Bermuda's waters are a veritable undersea museum. History comes alive as you swim among the steam boilers, ship's propellers, canons and other artifacts of bygone eras. Awaiting visitors are more than 35 diveable shipwrecks from a dozen countries that span four centuries of maritime history. These wrecks include everything from Civil War blockade-runners to French and British warships to an array of steamers and freighters.
Wind direction and sea swells can sometimes deny access to certain dive sites, but since Bermuda is completely encircled by wrecks, there is always a calm side where wreck diving is good.
When the wind blows from the northeast or northwest, Bermuda's dive boats head for the protected south shore, where the wrecks are very close to land and surface conditions remain relatively flat. Here divers will discover a trail of six sunken ships that offer an amazing variety of wreck experiences.
The South Shore Six
One of Bermuda's most mysterious shipwrecks is the Mary Celestia, a Confederate blockade-runner that operated under multiple identities to confuse Union spies. Today, this 225-foot ship lies in 55 feet of water with one of her paddlewheel frames standing upright like a miniature ferris wheel.
The Minnie Breslauer was one of the unluckiest ships to sink in Bermuda waters. This 300-foot, steel-hulled English steamer was on her maiden voyage between Portugal and New York with a cargo of wine, dried fruit and bales of cork when she hit a reef. An attempt to back the ship off the reef resulted in its sinking. The wreck sits one mile off the south shore in depths ranging from 25 to 70 feet.
The Hermes is considered Bermuda's most popular wreck dive because she is fully intact, sitting upright on the bottom in 80 feet of crystal-clear water. She is the perfect picture of a classic shipwreck. Originally designed as a buoy tender, this 165-foot, steel-hulled vessel eventually was abandoned at a Bermuda dock before being scuttled as an artificial reef.

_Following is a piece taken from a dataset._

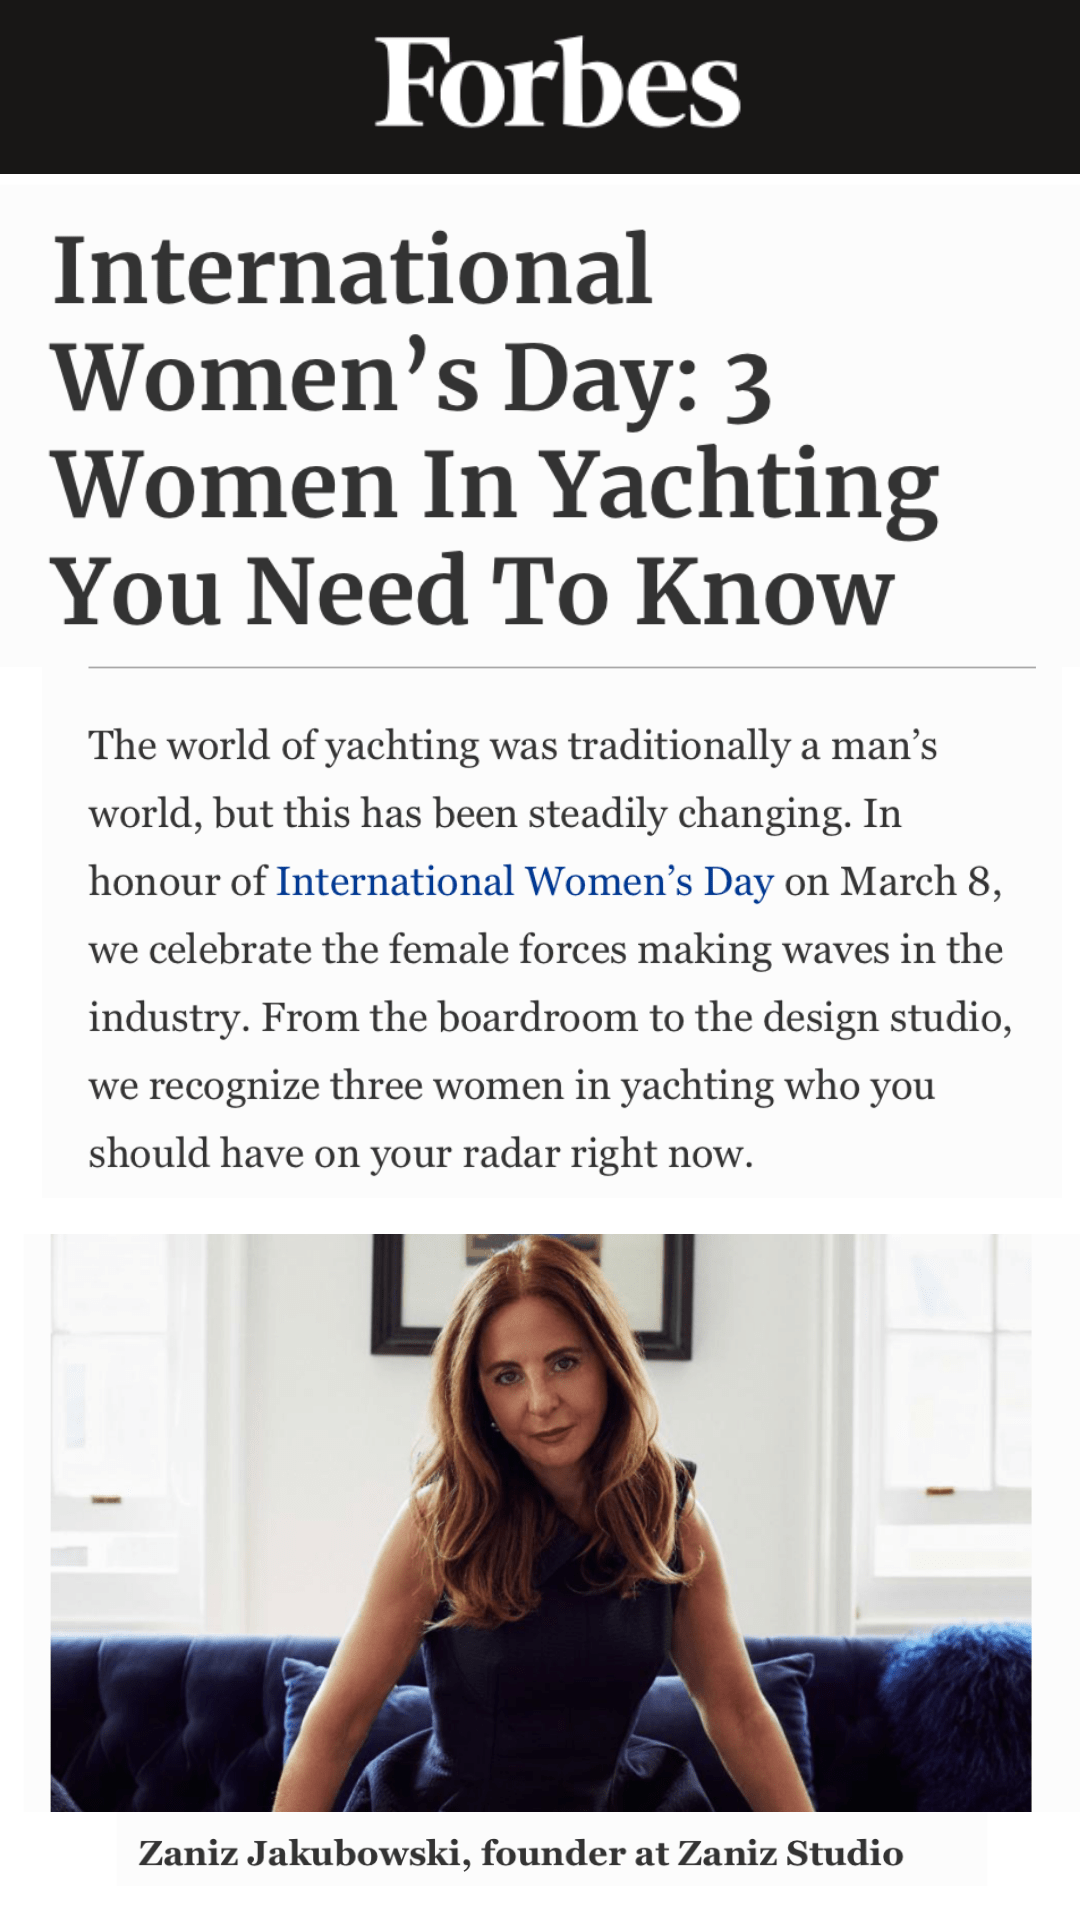 International women's day. zaniz jakubowski is one of the women in yachting you need to know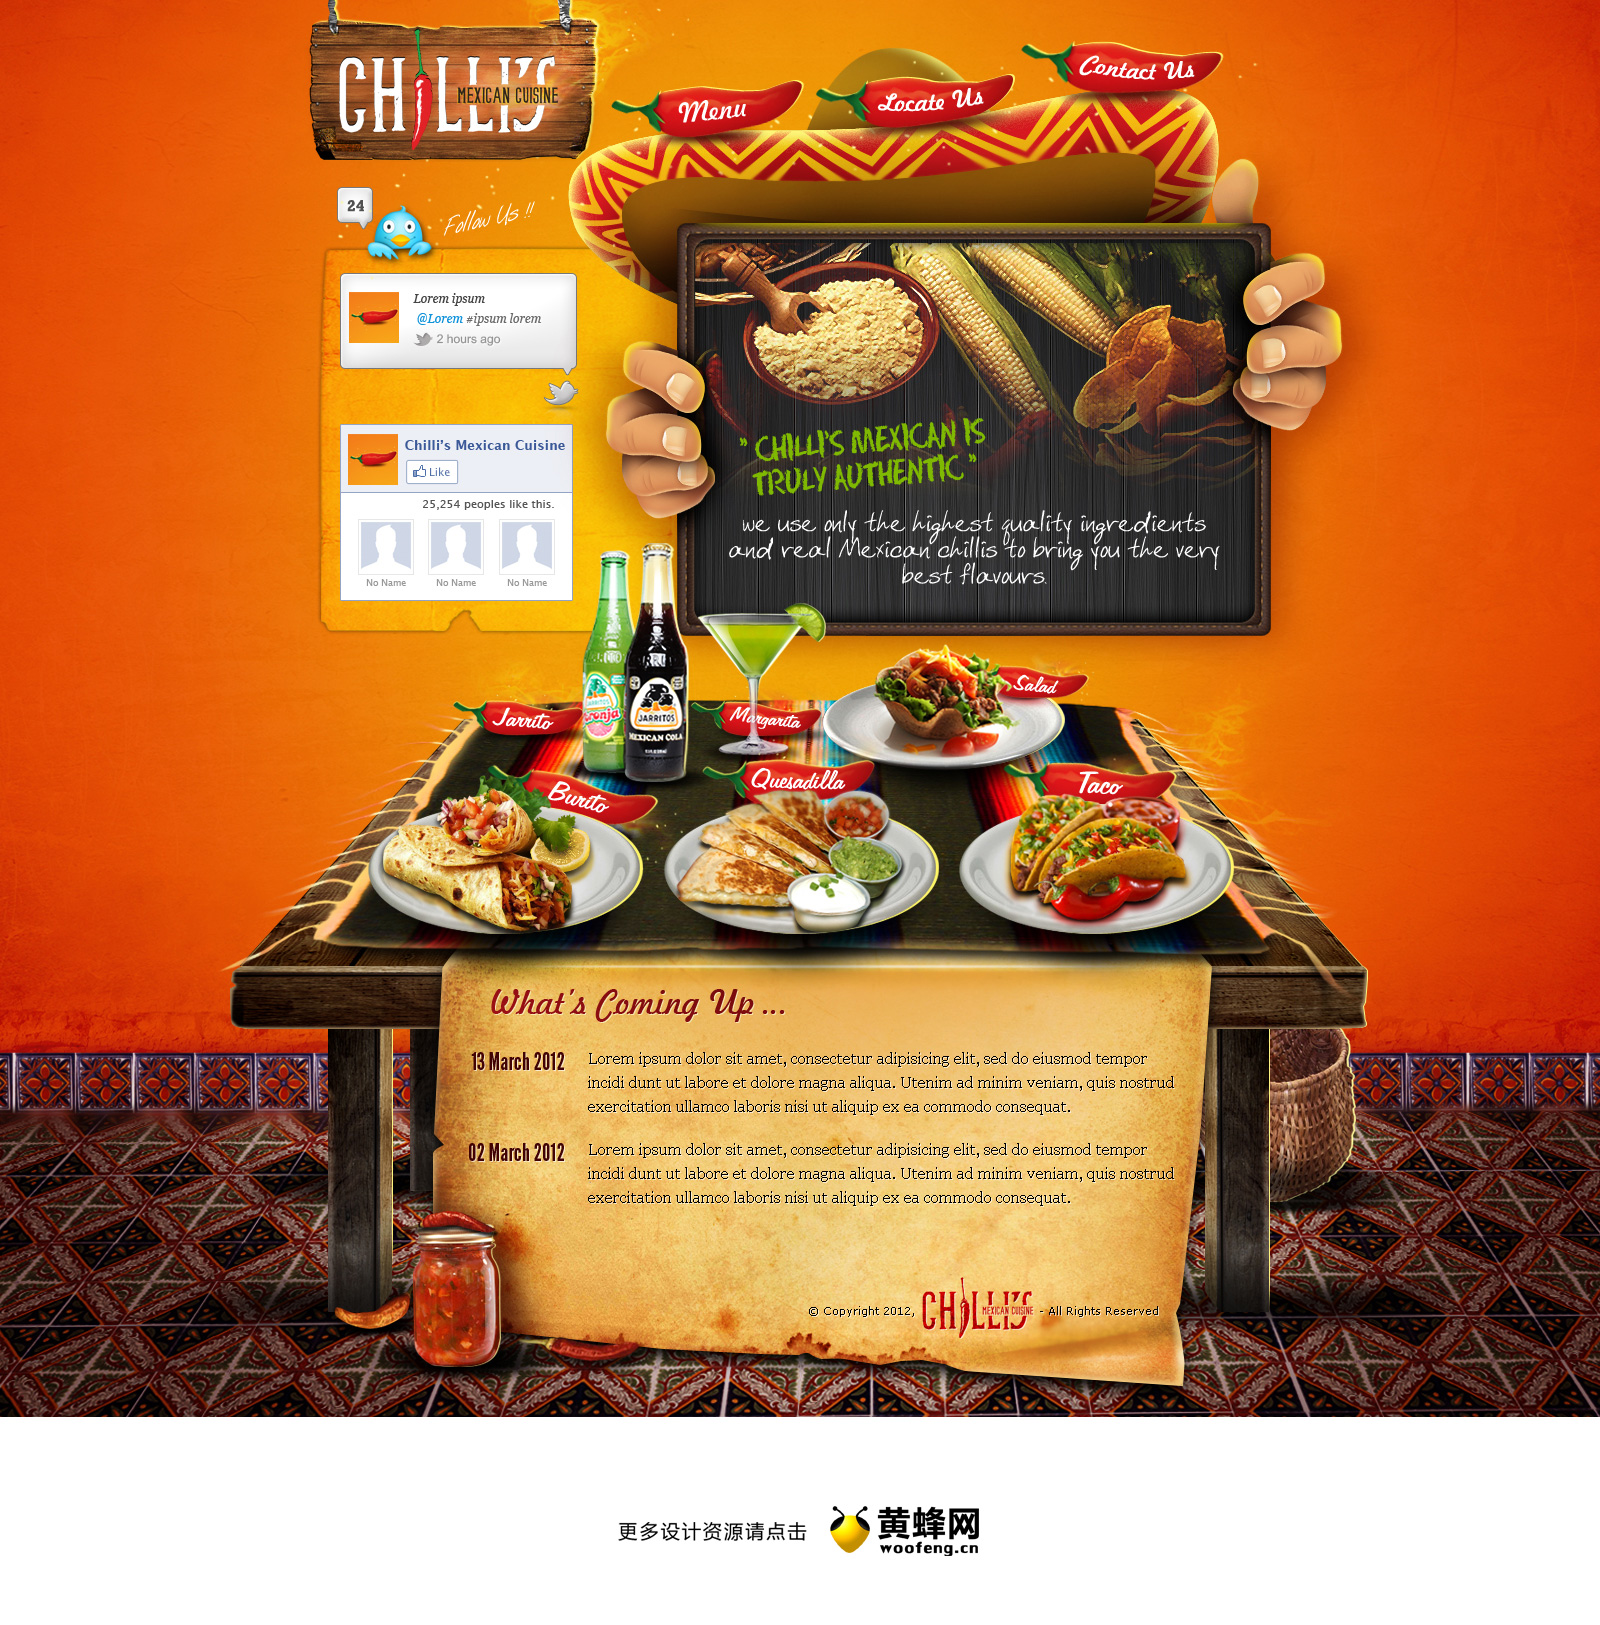 墨西哥食品网站截屏设计欣赏，来源自黄蜂网https://woofeng.cn/

One of Bermuda's oldest wrecks still visited by divers is the three-masted, square-rigged Virginia Merchant. Used by the Virginia Company of England as a commercial cargo vessel, she carried colonists to the New World and returned with valuable cargoes of tobacco. While attempting to round the western end of Bermuda, the tiny sailing ship was struck by a severe storm and driven onto the reef. Today, the ship's ballast stones can be found on the sand bottom at 40 feet, 250 yards off Whale Bay, surrounded by beautiful coral archways and crevices loaded with reef fish.
The King was an old U.S. Navy tugboat that was brought to Bermuda and converted into a treasure salvage vessel. Built in 1941, the little tug measured 55 feet in length with a 13-foot beam. She was never used for salvage but instead converted into a dive boat. In 1984, the King was donated by a local salvage diver as an artificial reef and was intentionally sunk by South Side Scuba. She now rests in 65 feet of water, fully intact, tilted to her starboard side, with her bow pointing upward.
In 1915, the English steamer Pollockshields ran up on the reef while carrying a cargo of World War I ammunition. The wreck lies in shallow water and is now a jumble of steel plates, beams and ribs.
The south shore six are just a sample of Bermuda's wreck heritage. Accessing these and other wrecks depends on the direction and strength of the wind and ocean swells. Bermuda's dive operators are experts at reading the local weather and will always take their customers to the wrecks where conditions are best that day.
Bermuda also offers superb reef diving with exceptionally healthy coral reefs, coral grottos, tunnels, archways and caves. The reefs and wrecks are populated with reef fish and marine life varieties seen in the Caribbean, plus some indigenous to Bermuda.